The most fascinating thing about career end, or career change, or whatever you want to call this particular transition, is the sense of liberation you get once you are out of the daily commute, and all those hours stuck behind a screen on a dealing floor. You go in an instant from having a lot to do with hardly any time to fit it all in, to having a seemingly endless sea of time with very little to do, until you start filling it up with a few meetings, calls, lunch, and the occasional round of golf. I mean, why not?

But it’s not the time that’s the killer, it’s the lack of structure, the lack of deadline, the lack of, well, corporate life. Until you land something or set up your own business, you really are on your tod. You sit at your desk, as I am now, in deathly quiet, apart from the radio or the birds tweeting, or the sound of a car passing. Anything you want to do has to come from your remaining sense of self-motivation. It’s not like there’s a manager yelling at you about unachievable targets, nor those targets themselves, nor the jealousy of seeing a colleague doing a big trade - that ultimate motivator - nor even that vague sense of dread you once felt about the unknown horrors of being made redundant, because you’ve been there now, and got the tee shirt!

I couldn’t write anything about this for a month, because I was dealing with my new life, and I had to sign the exit documents. I’ve also been skiing and hiking. For the most part it’s been exciting and liberating, if for no other reason than it being high time for me to do something different. I’m not under any financial pressure. Let’s face it, after 30 years in the industry it would be a bit of a mess if I were really struggling. It all comes down to the age old question we market people struggle with, while we pull in the big bucks every month – compared to most other jobs, that is - what’s next ? How and what can we do once the gravy train grinds to a halt ? How many times do you hear how smart, lively, and entrepreneurial we City people are, as we spend 12 hours a day grubbing around for basis points in between the commuting ? Well, when you’re stuck behind a screen it tends to suck the life out of you. You just don’t have the time or energy to create career choices for further down the line. And when your friends counsel you, their idea of how much time it might take to reinvent yourself is simply breath-taking. It was even suggested I should move to the Alps and “run a business”. Err, what business, with what capital, what skills, experience ?
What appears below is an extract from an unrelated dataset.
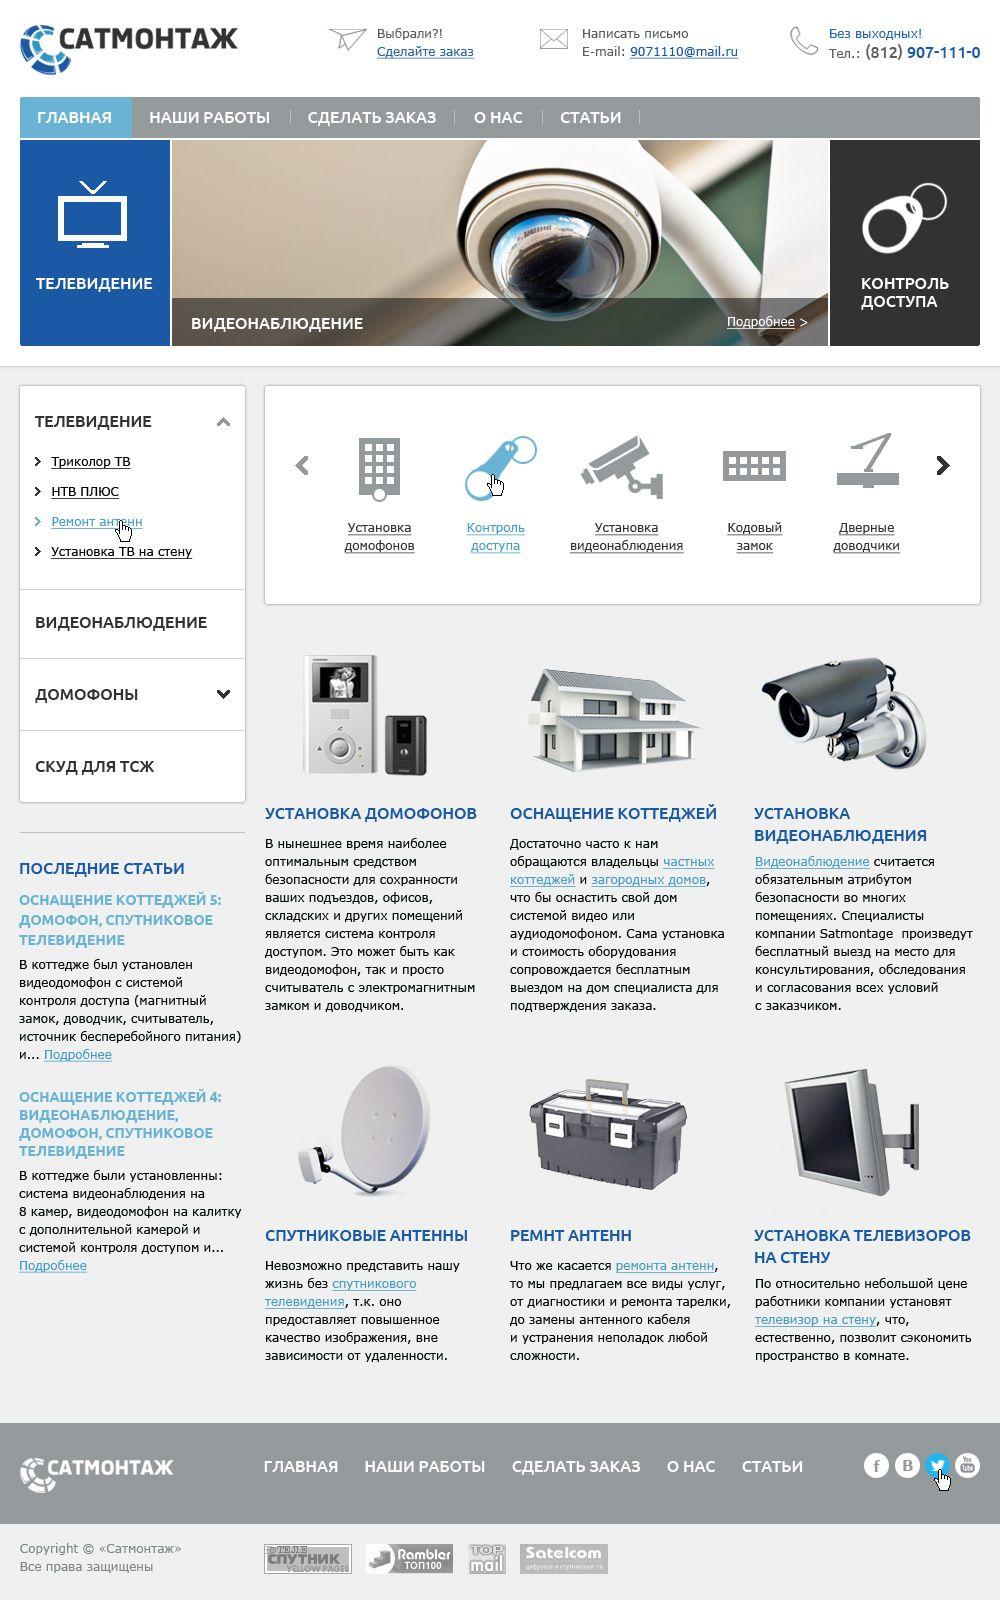 Дизайн (редизайн) существующего сайта - дизайнер OlgaCerepanova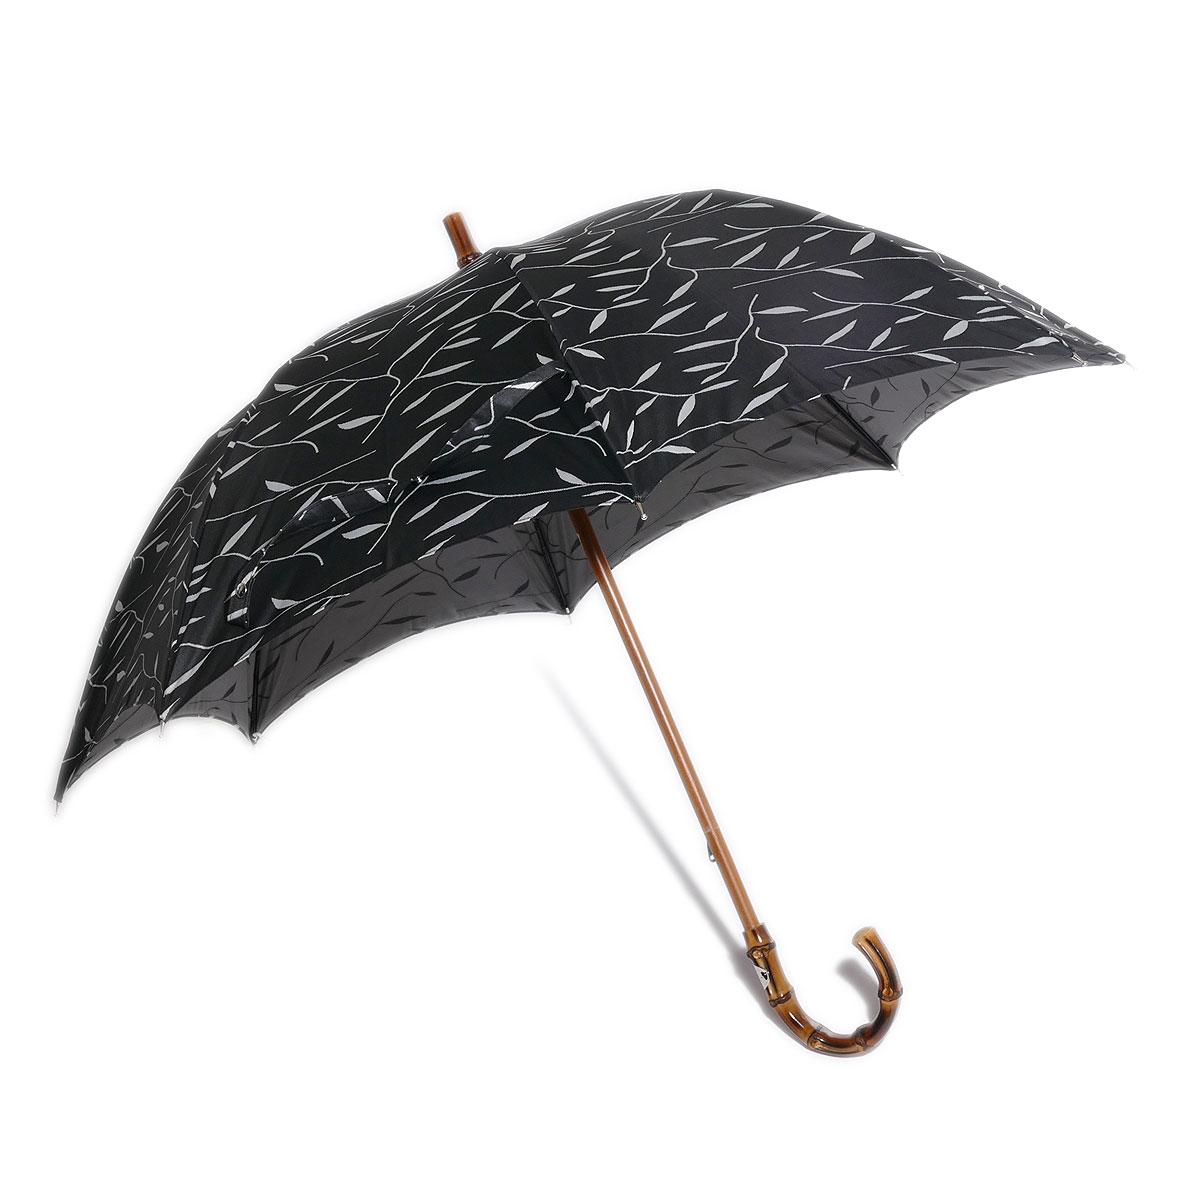 マリアフランチェスコ 贈答 一流メゾンの傘も手掛けるイタリア最古の傘メーカー マリア フランチェスコ Maglia Francesco 舗 イタリア製ハンドメイド レディース バンブーハンドル婦人傘 ブラック

As for the former day job, boy, can you keep it! I never want to look at a yield, a basis point, a coupon or a lousy Bloomberg chat box ever again. If I come back to the City with my begging bowl I’ll consider I have failed miserably. The markets have changed beyond description. Every generation naturally boasts about how much more fun it was - and better paid - in their day. But you have to admit that with electronic trading, chat messaging, zero interest rates and central banks doing most of the buying in the biggest Ponzi scheme since the first scam took place, there’s not that much left requiring the human touch. Maybe that’s why it’s so easy for investment banks to cut their balance sheets by 75% cent and turf out half their staff or more.

Banking careers don’t end with a gold presentation watch, aged 60. However you’ve done in your career, the markets always get you in the end. HPP is the living proof of that - or should it be the HDP now (Highly Displaced Professional) ?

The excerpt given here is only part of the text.